_What the exercise asks_
Among the entries below, take the line with "Adelante Weekender Duffle-Backpack" and the line with "Каменный окунь групер", and output them and every line between them exactly, with nothing else.

_Source data_
..........

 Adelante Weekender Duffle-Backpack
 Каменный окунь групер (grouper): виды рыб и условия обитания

..........

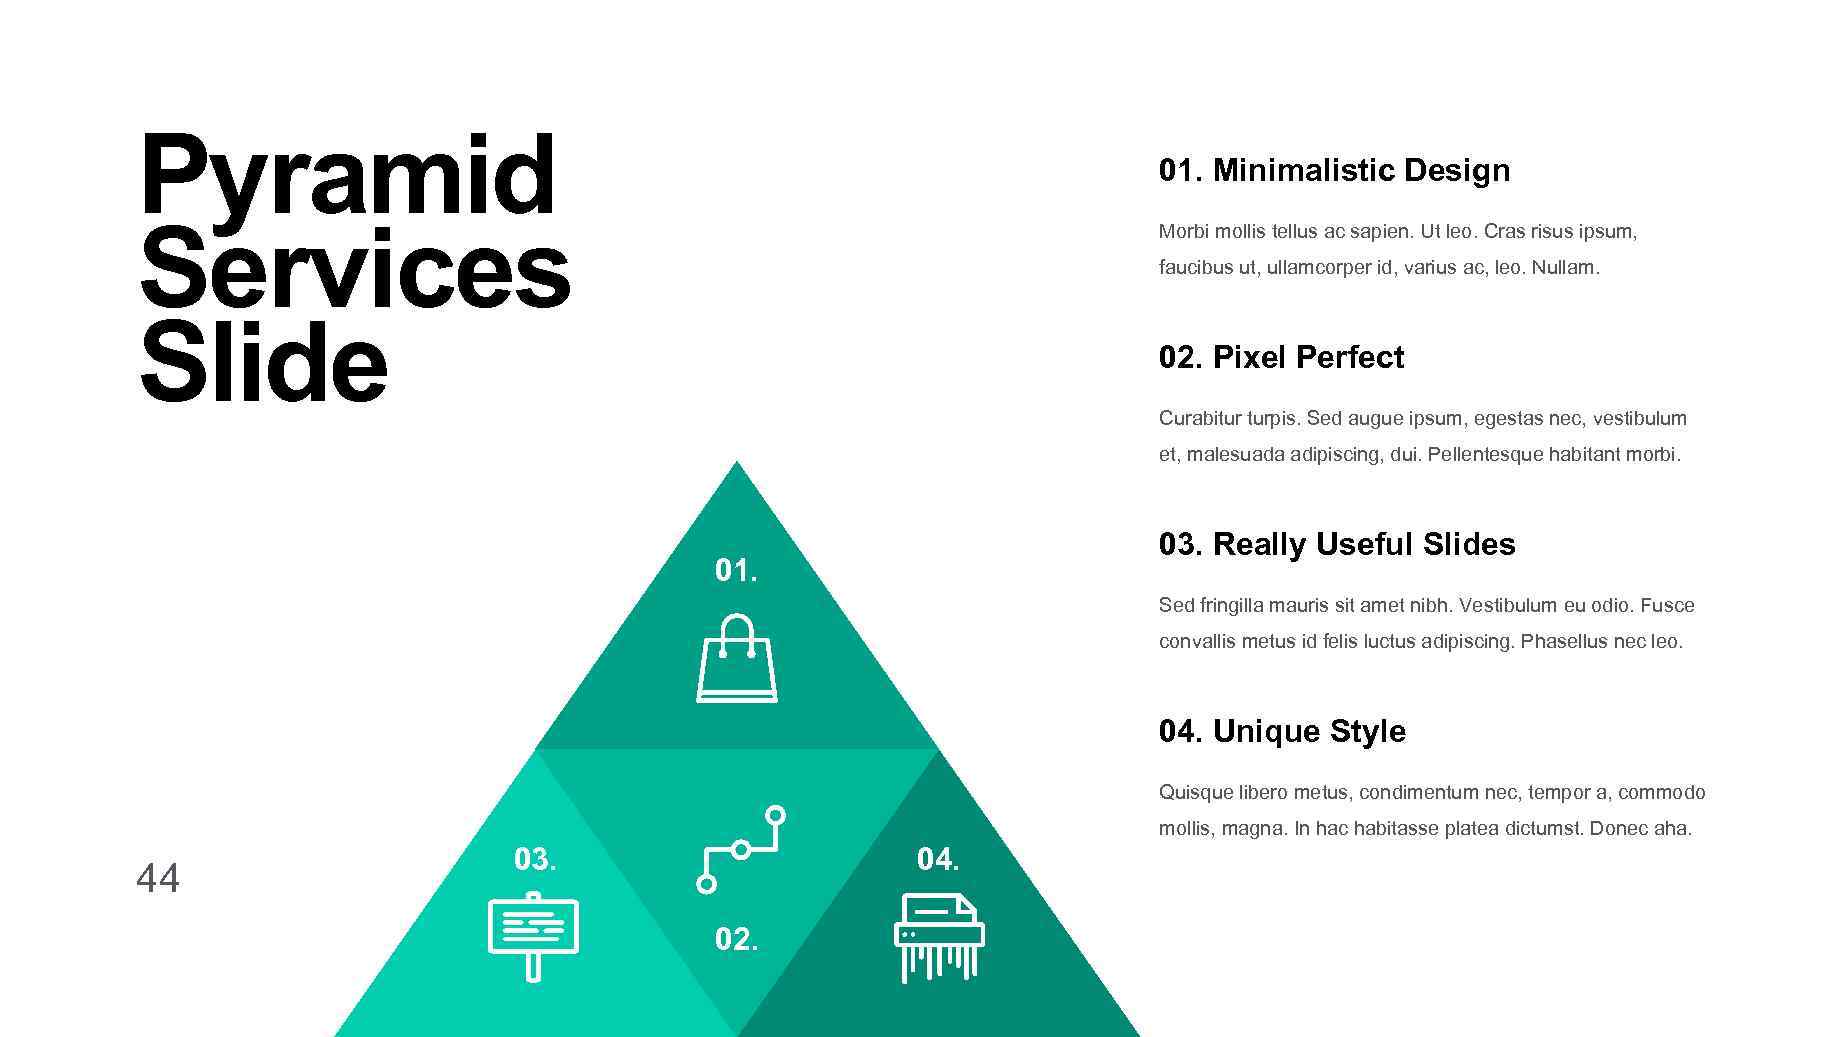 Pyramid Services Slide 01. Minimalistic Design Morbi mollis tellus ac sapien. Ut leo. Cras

..........

_Final answer_
 Adelante Weekender Duffle-Backpack
 Каменный окунь групер (grouper): виды рыб и условия обитания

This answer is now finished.